First Quorum of the Seventy
- April 4, 2015 – October 5, 2019
- Called by: Thomas S. Monson
- End reason: Designated as emeritus general authority

15th President of Brigham Young University–Idaho

In office
- August 19, 2005 – April 13, 2015
- Predecessor: David A. Bednar
- Successor: Clark Gilbert

Personal details
- Born: March 20, 1949 (age 77) Salt Lake City, Utah, U.S.
- Education: Harvard University (BA, MA, PhD)
- Spouse(s): Sue Lorraine Hunt Clark
- Children: 7

= Kim B. Clark =

American academic

Kim Bryce Clark (born March 20, 1949) is an American scholar, educator, and religious leader who has been a general authority of the Church of Jesus Christ of Latter-day Saints (LDS Church) since April 2015, and was the church's seventeenth commissioner of church education from 2015 to 2019. He served previously as the fifteenth president of Brigham Young University–Idaho from 2005 to 2015, and as the dean of the Harvard Business School (HBS) from 1995 to 2005, where he was also the George F. Baker Professor of Business Administration.

==Early life and education==
Kim B. Clark was born on March 20, 1949, in Salt Lake City, Utah. He and his family lived in Salt Lake City until 1960, when his father's new job required them to move to Spokane, Washington. Clark matriculated at Harvard University in 1967 as a pre-med major and left after his freshman year to serve as a missionary for the LDS Church in Germany. Following his mission, Clark enrolled for a time at Brigham Young University.

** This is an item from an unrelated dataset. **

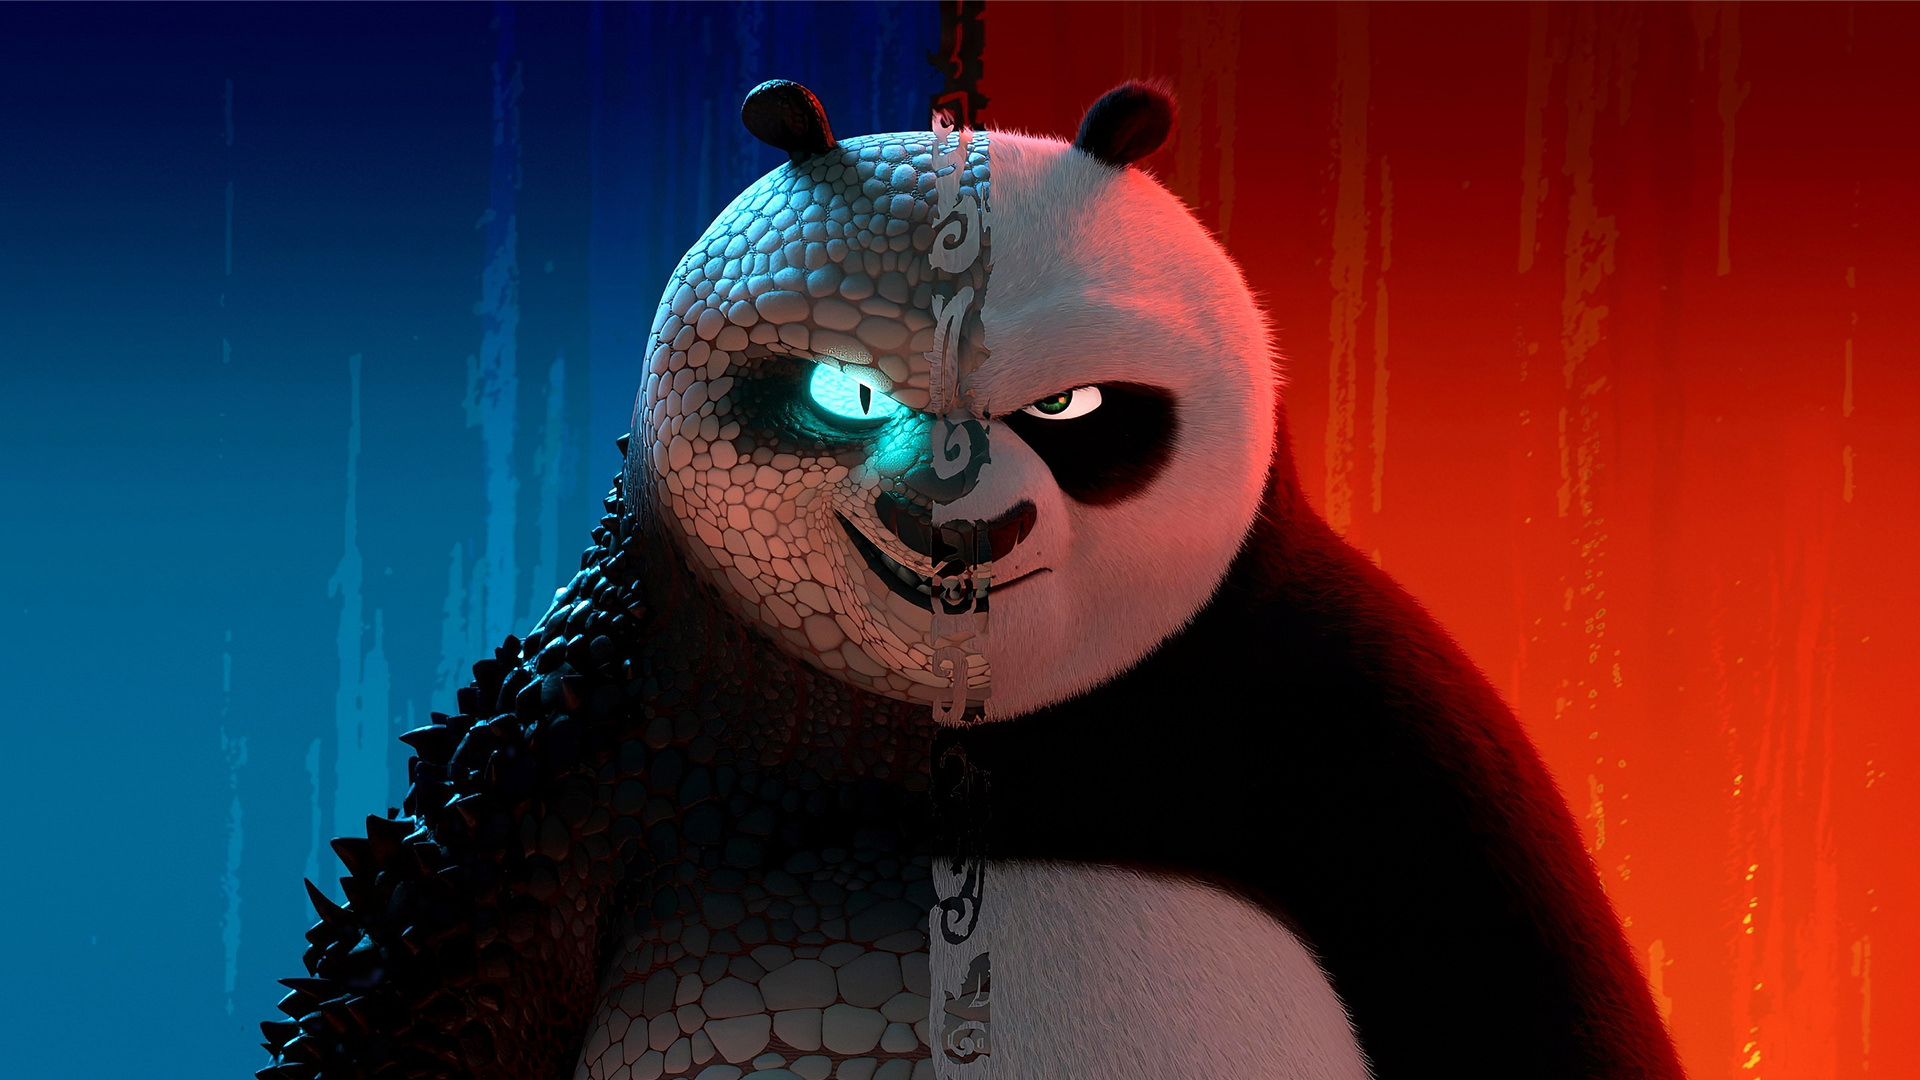 انیمیشن پاندا کونگ فو کار Kung Fu Panda 4

In 1971, he resumed his studies at Harvard, where he received his BA (1974), MA (1977), and PhD (1978) in economics.

Clark joined the Harvard faculty in 1978 and served as dean of HBS from 1995 to 2005.

As a professor at HBS, Clark's research focused on modularity in design and the integration of technology and competition in industry evolution, particularly within the computer industry. He has published several articles in the Harvard Business Review and peer-reviewed academic journals. A few of his papers were co-authored with former HBS associate dean and former BYU-Hawaii president Steven C. Wheelwright.

With a variety of co-authors, Clark published an important series of studies on technological innovation. The organizational linkages, or integration, required to accomplish an innovation is a thread that runs through these studies. These insights culminated in his book with Carliss Baldwin, “Design Rules: The Power of Modularity,” which explores the rules for integrating components that shaped innovation in the computer industry as well as many others. His various articles and books have been cited more than 20,000 times according to Google Scholar.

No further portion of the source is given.